Working data:
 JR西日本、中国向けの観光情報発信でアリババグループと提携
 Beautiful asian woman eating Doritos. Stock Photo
* * *
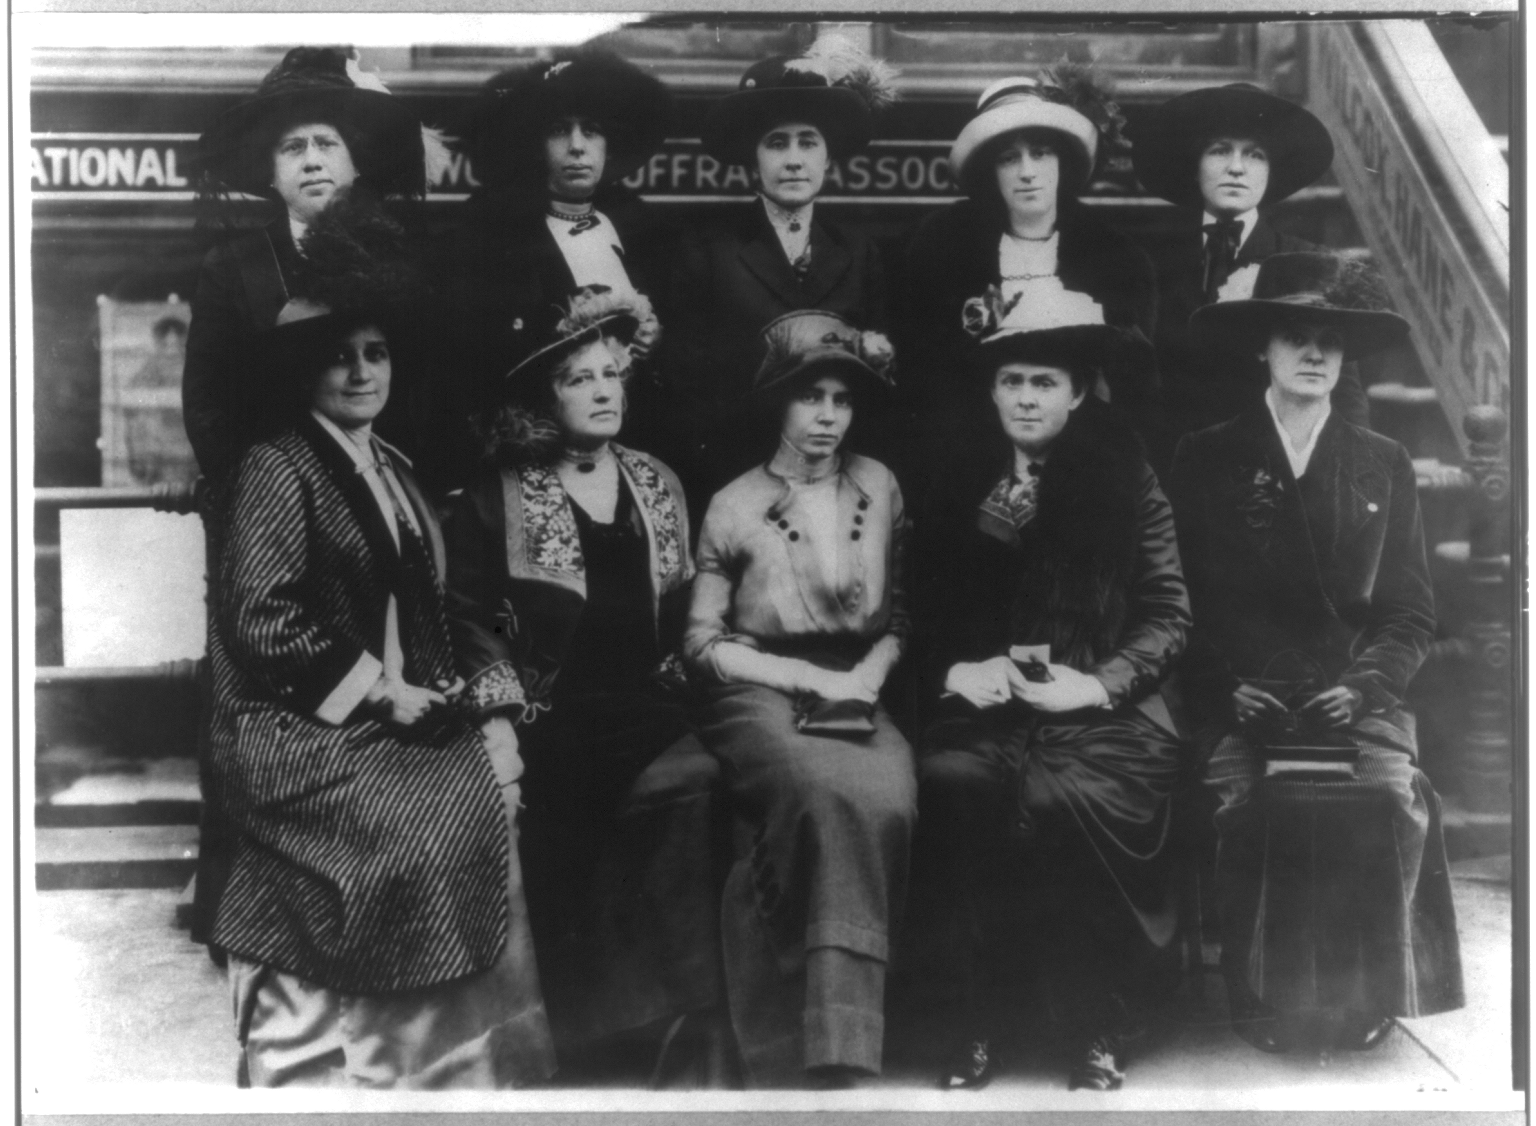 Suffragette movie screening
--
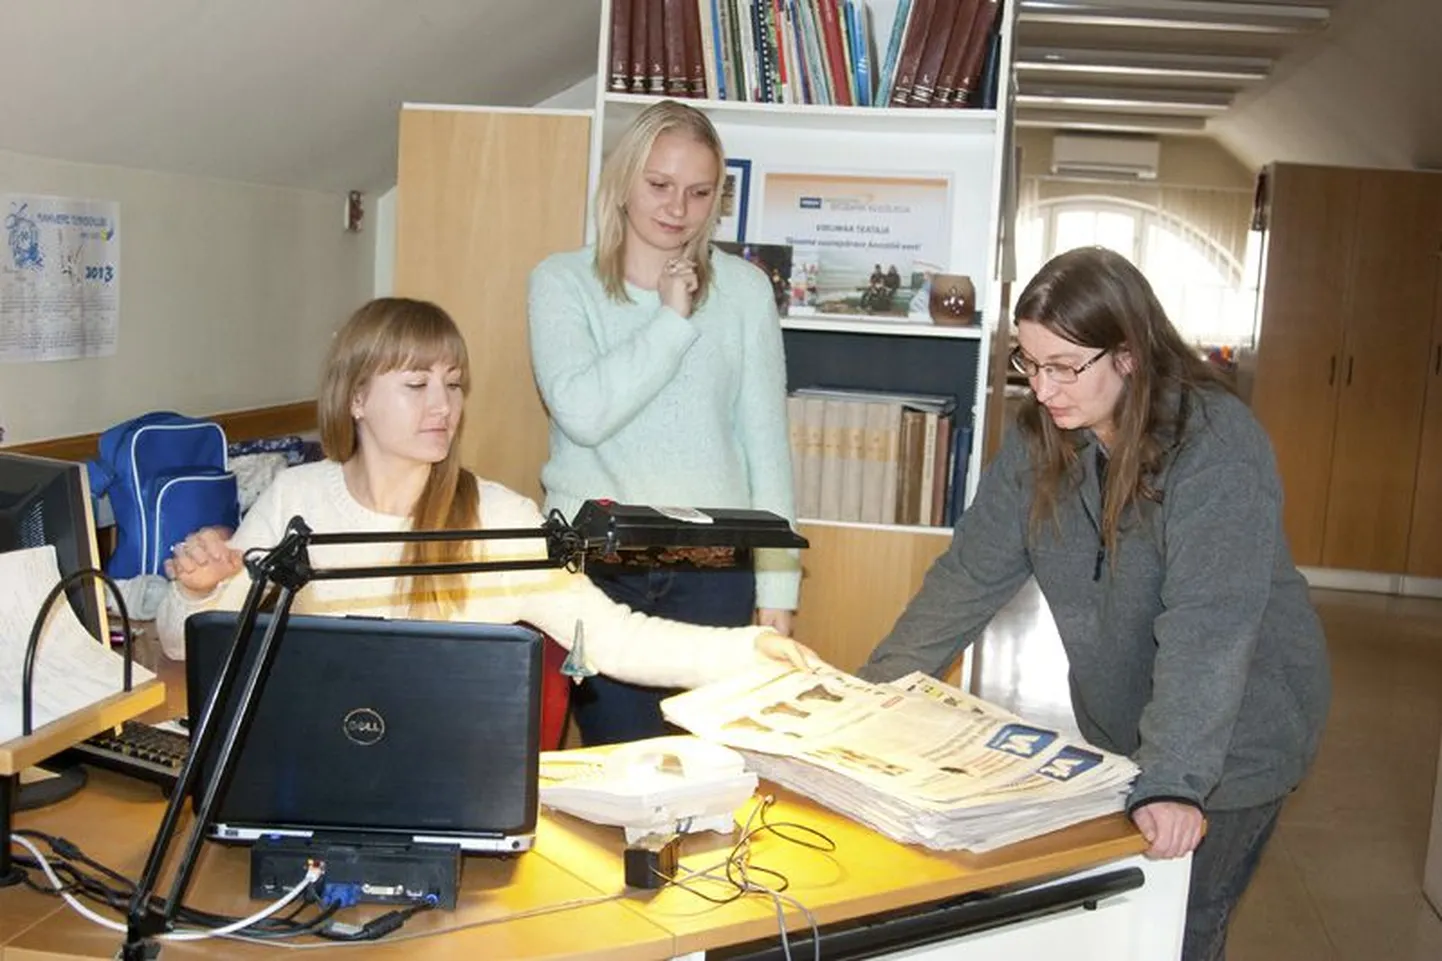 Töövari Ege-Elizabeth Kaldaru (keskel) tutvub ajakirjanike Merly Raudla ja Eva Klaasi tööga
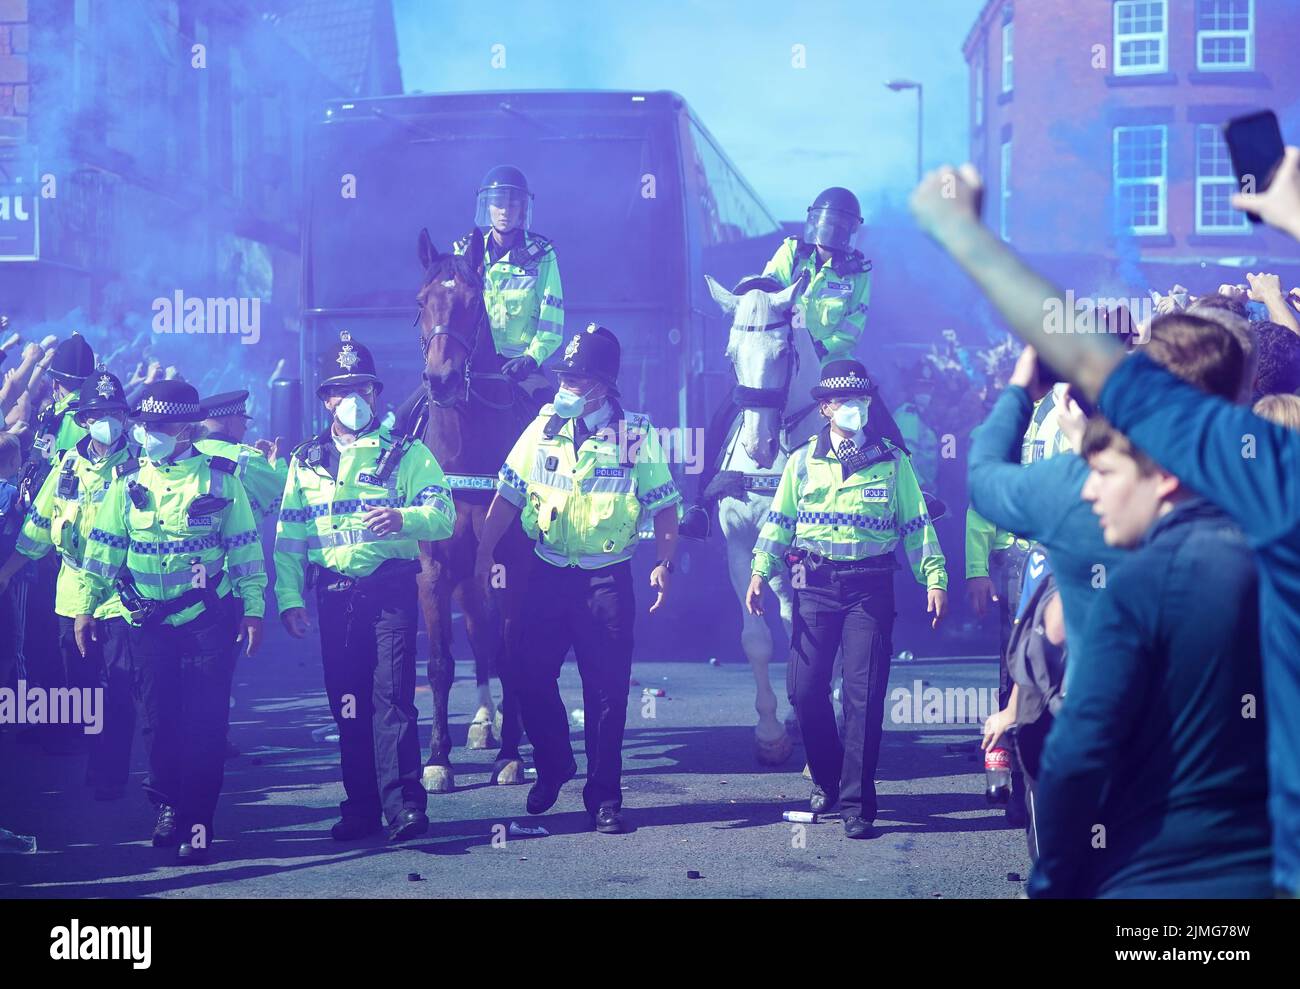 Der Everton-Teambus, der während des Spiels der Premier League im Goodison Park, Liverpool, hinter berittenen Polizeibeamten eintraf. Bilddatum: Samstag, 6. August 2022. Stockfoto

Brief: Above are the records; repeat exactly the lines from the one holding "JR西日本、中国向けの観光情報発信でアリババグループと提携" down to the one holding "Beautiful asian woman", end lines included.

Task output:
 JR西日本、中国向けの観光情報発信でアリババグループと提携
 Beautiful asian woman eating Doritos. Stock Photo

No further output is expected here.